[Dataset excerpt Boundary: Start]

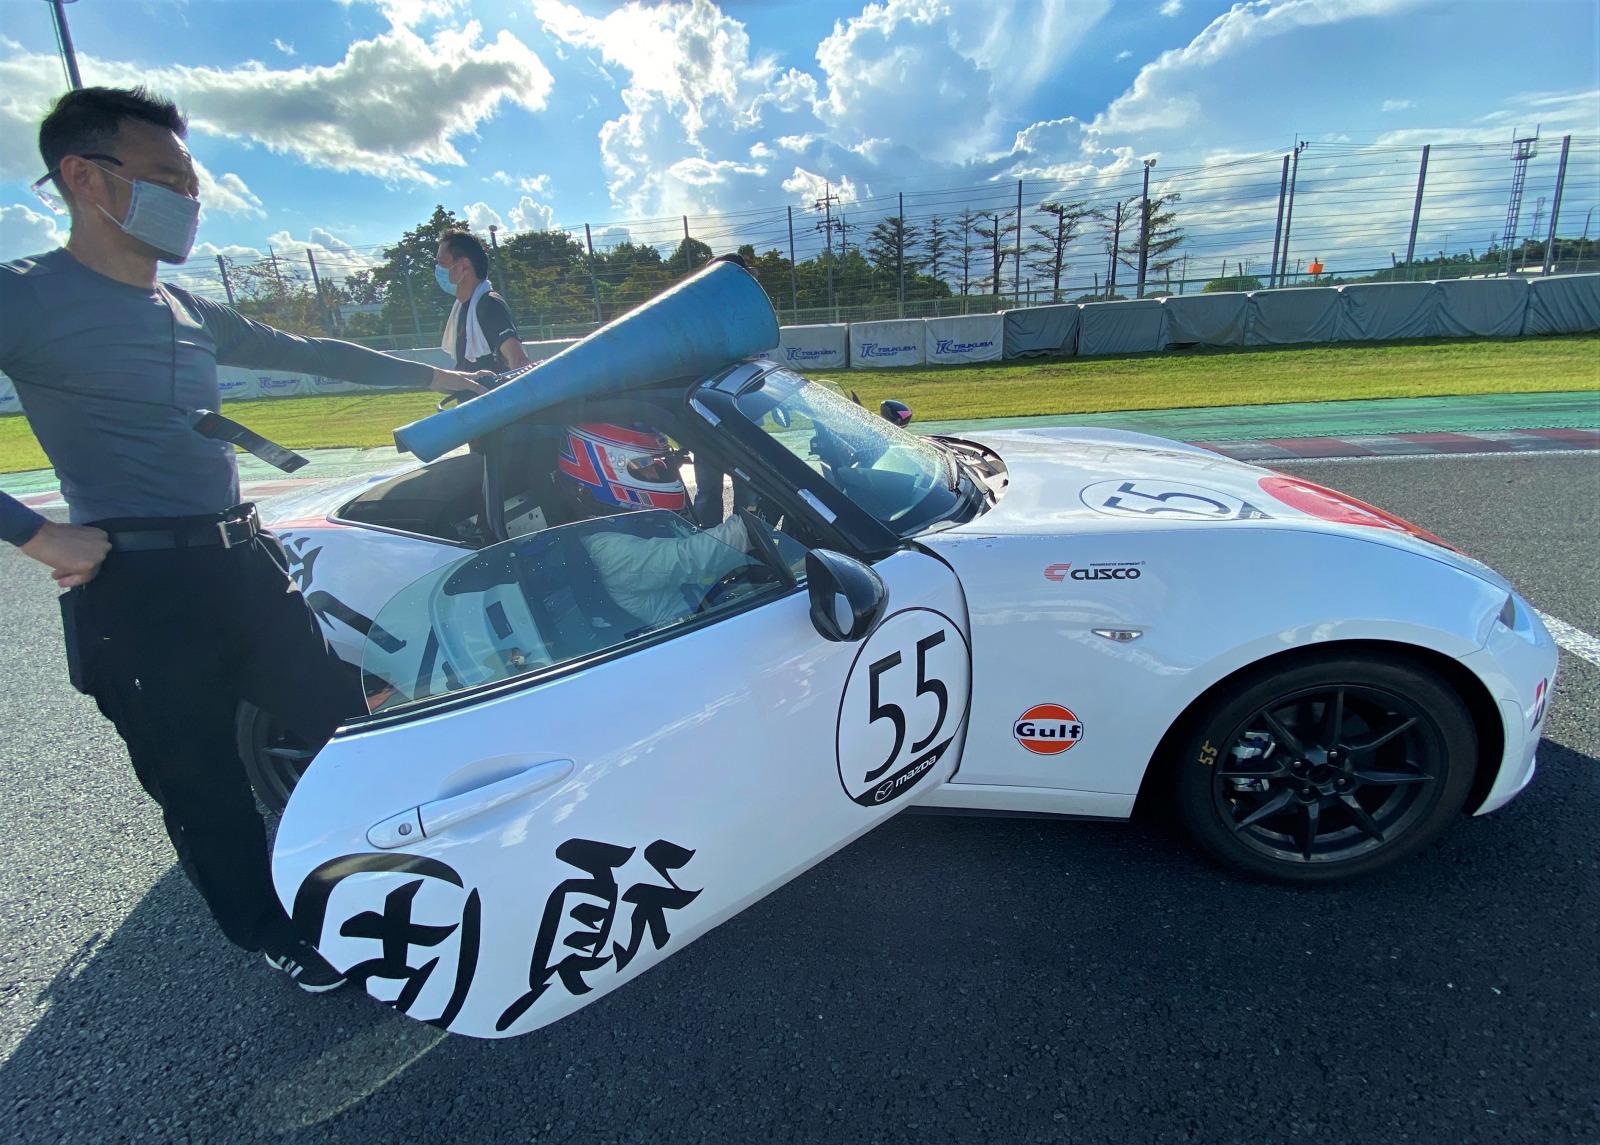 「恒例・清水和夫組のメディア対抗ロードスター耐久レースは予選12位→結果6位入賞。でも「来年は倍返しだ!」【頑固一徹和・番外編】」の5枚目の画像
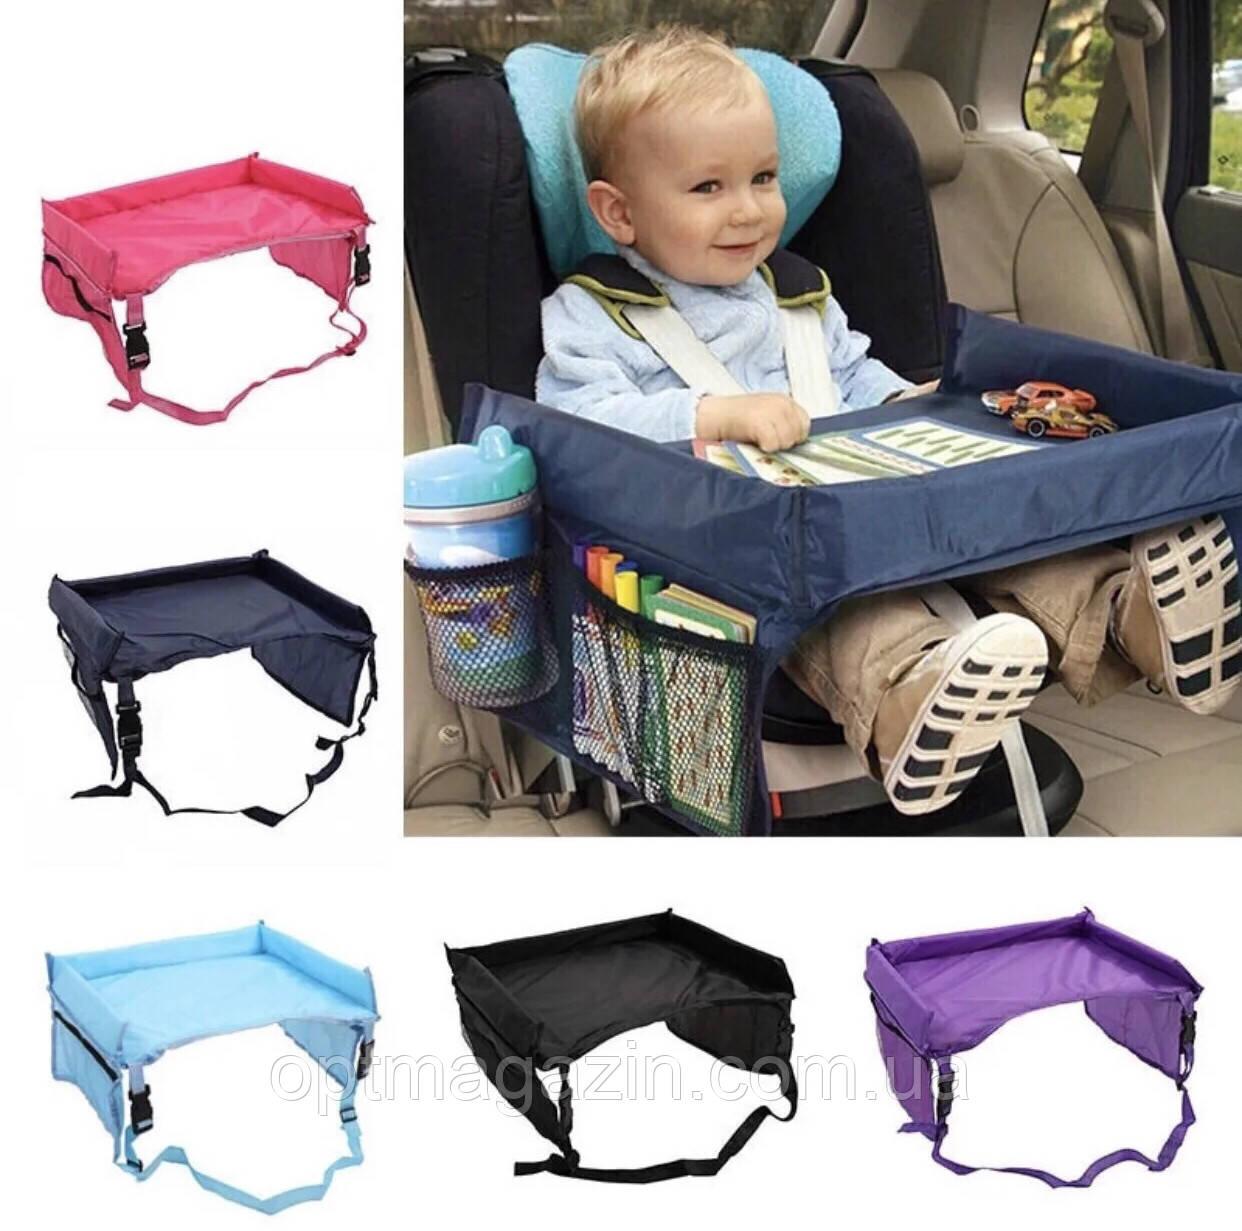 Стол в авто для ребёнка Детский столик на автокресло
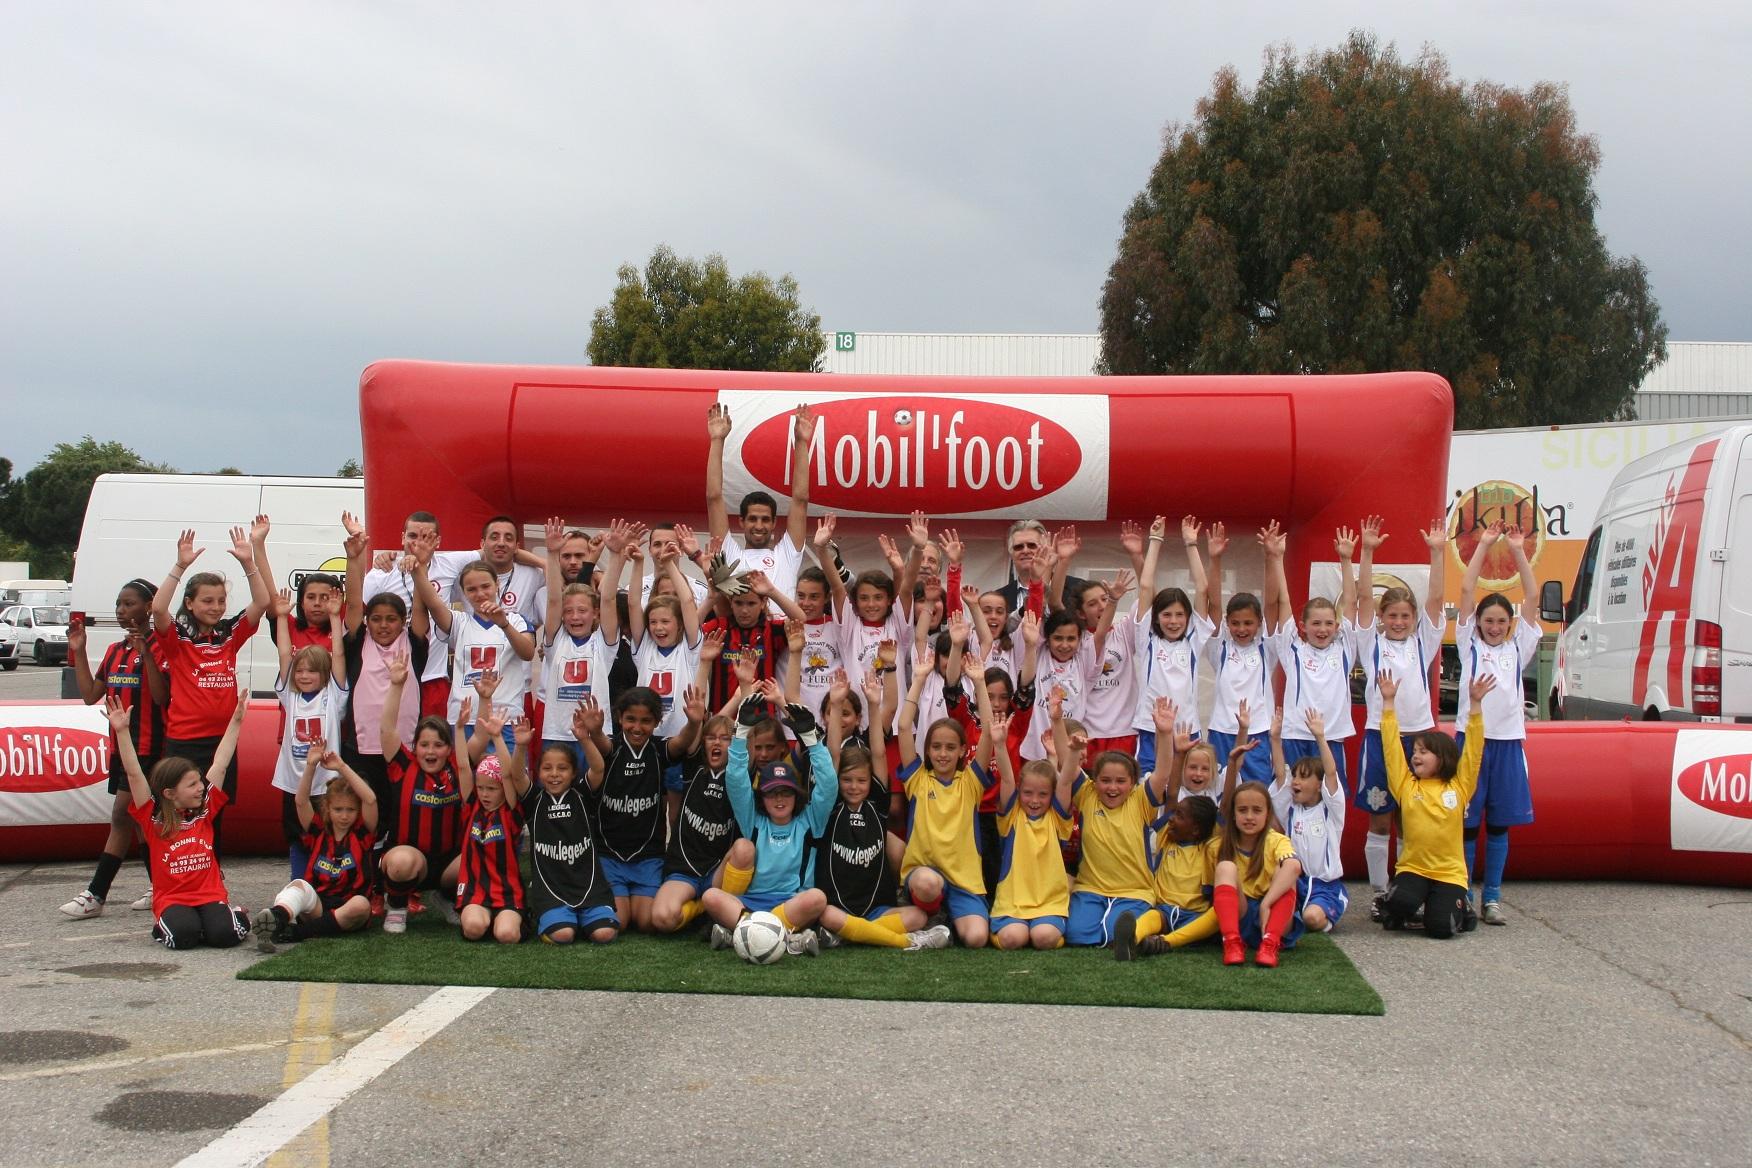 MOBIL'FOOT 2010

[Dataset excerpt Boundary: End]

> Work task
When copying, output the data exactly and leave out the pictures.

> Reply
 「恒例・清水和夫組のメディア対抗ロードスター耐久レースは予選12位→結果6位入賞。でも「来年は倍返しだ!」【頑固一徹和・番外編】」の5枚目の画像
 Стол в авто для ребёнка Детский столик на автокресло
 MOBIL'FOOT 2010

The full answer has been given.